Last week’s report stated, “So far, the market is rallying strongly into this reversal zone. It is further emphasized with transiting Sun making a translation to the forthcoming Saturn/Uranus trine, December 9-12. So, geocosmics indicate a turn here that may be sharp but brief, but we also acknowledge that market is very, very strong and bullish. Perhaps the Fed announcement of a rate hike this week (Dec 13-14, full Moon) will bring about the decline indicated by geocosmics.” It did correlate with the high so far on Tuesday, December 13. But so far, the decline has been quite benign. It may or may not be over, but if not, it is due to end this week.

We also note that Mercury turns retrograde now, Dec 19-Jan 8. This is always a tricky time to trade, as support and resistance zones are often violated, or failed to even be entered. Plus, with the Jupiter/Uranus coming up Dec 26 and Uranus changing directions Dec 29, it will be more challenging than usual to trade on the basis of price objectives. All of the geocosmics indicate sudden and unexpected and even contradictory news and economic reports, creating sudden and possibly sharp but short-lived price swings. Of importance, could be the midpoint of December 29, which is also the day Uranus ends its retrograde and turns direct. Sometimes stock prices fall very hard into that period, especially if a crest forms close to the retrograde Mercury date (Dec 19).
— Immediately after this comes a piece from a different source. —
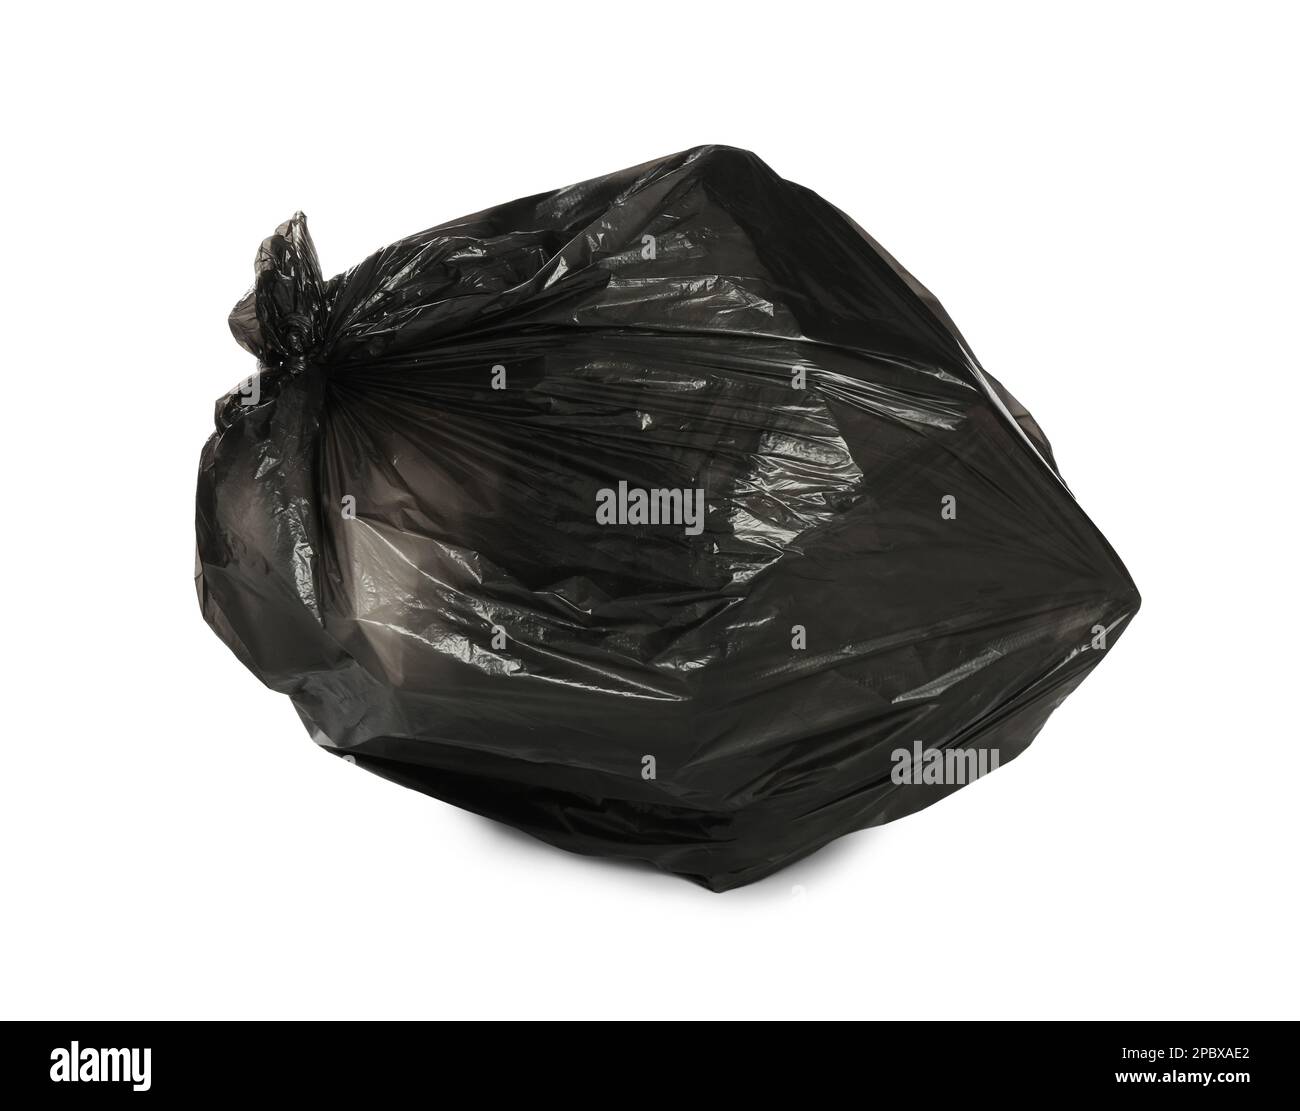 Sac poubelle noir rempli d'ordures isolées sur blanc Banque D'Images

In any event, it is my view that the Jupiter/Uranus opposition is pulling prices up to a new high, but this “blow-off” will end by January 11, and most likely any time in the next two weeks. That high could be a primary or a half-primary cycle crest. I would like to see this market get higher into the Venus/Jupiter trine on December 25, and then start its retreat. If it is to be a half-primary, then the decline could also end after only 3-8 days of sharp declines, costing the DJIA as much as 1000 points that quickly.

Technicals, Chart Patterns, and Price Targets:

Last week’s new all-time high and close at 19,966 exceeded a price target given before as 19,488 +/- 286. We also stated, “A 50-week cycle crest could be higher, up to 19,860 +/- 530 and 19,872 +/- 522. Notice how much resistance is developing between about 19,500-20,000.” We are in the overlap zone now, up to 20,390.

If last week’s high was a major cycle crest, then a corrective decline to a major cycle trough is due to end this week. A normal corrective decline would be to 18,925 +/- 246. However, this is only the first phase of a new primary cycle, and therefore it may only test the 14-day moving average, which is now at 19,513 and rising above 55 points/day. If it breaks, we do not expect it to get to the 42-day MA (18,837 and rising 41 points/day). An ideal target would be near to the 38.2% Fibonacci correction level of 19,170.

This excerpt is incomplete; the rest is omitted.